In order to determine if our intuition is correct, we will need to evaluate the natural frequencies of the crane with proportional plus this delta (PD) feedback. To do so, we substitute the PD controller for the acceleration in the equations for the crane,

d[n] - 2d[n-1] + d[n-2] = \left(\Delta T\right)^2 \left( K_p e[n-2] + K_d \frac{e[n-2] - e[n-3]}{\Delta T} \right).

Reorganizing, and assuming d_{in}[n] =0, because we only need the homogenous equation for natural frequencies,

d[n] - 2d[n-1] + \left(1 + \left(\Delta T\right)^2\left(K_p+\frac{K_d}{\Delta T}\right)\right) d[n-2] -\left(\Delta T\right)^2 \frac{K_d}{\Delta T} d[n-3] = 0.

Now we have a third-order difference equation, and must find the roots of a cubic equation to determine the natural frequencies. There is an analytic formula for roots of cubics, but it is complicated to apply, and we suggest using a numerical procedure (like the roots function in matlab or numpy). As an example, if Delta T = 0.01, K_p = 10 and K_d = 0.5, the natural frequencies are approximately 0.997 + 0.0316 j, 0.997 - 0.0316 j and 0.005, all less than one in magnitude, so the system is stable. And its step response (normalized) oscillates, but does stabilize.

A normalized step response for the pd controller applied to the crane system, for proportional gain = 10 and delta gain = 0.5.

The above coefficients result in stable, but oscilitory behavior. Can we improve performance? For the first-order speed control problem, we could dramatically improve stability by increasing the sample rate (decreasing \Delta T). Does reducing \Delta T = 0.01 to \Delta T = 0.001 improve the controller behavior in this case?

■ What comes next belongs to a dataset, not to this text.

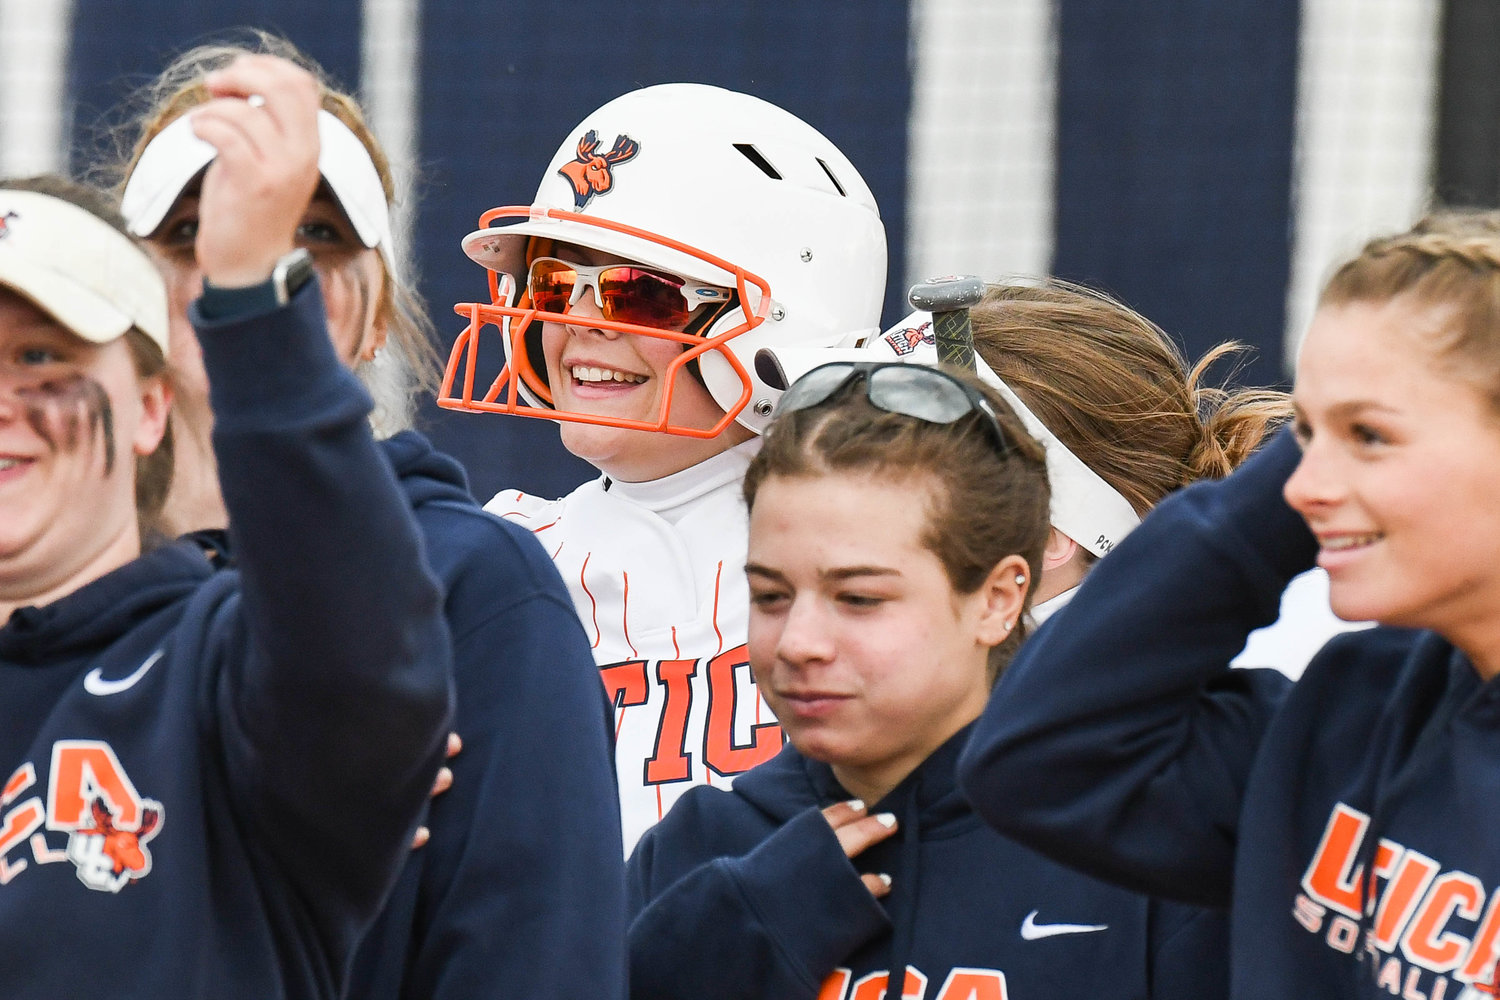 ALL SMILES — Utica University player Lauren Paul, center, smiles after hitting a home run during game two of a doubleheader against Russell Sage on Friday at Greenman Softball Field in Utica. The Pioneers split the twin bill with Russell Sage winning game two, 12-7. The Pioneers, who are 11-15 overall, lost game one, 2-1.

Determine the natural frequencies of the crane control system for the \Delta = 0.001 case and enter them (in any order) in the boxes below. (NOTE: Use j=\sqrt {-1} and enter decimal representations in place of fractions wherever necessary. For example, the complex number \frac{7}{8}+\frac{1}{2}j is entered as 0.8750+0.5000j.) Note: you must enter the answer as a Python list for the autochecker to work, for example, '[0.9003+0.1021j,0.9003-0.1021j,0.5005]').

natural frequencies =

If you examine the natural frequencies for the \Delta T = 0.001 case, the situation APPEARS worse, because the largest magnitude \lambda's for the \Delta T = 0.001 case are slight larger than for the \Delta T = 0.01 case. However, if one plots step responses from both cases on the same time axis (as below), they appear to be nearly identical.

How well can you do with PD control? Since the crane system with PD feedback is identical, other than a scaling factor, to the system for controlling copter-levitated arm position, we will defer addition analysis to the Lab. And as we will see in lab, Root-Locus plots will help us optimize our designs.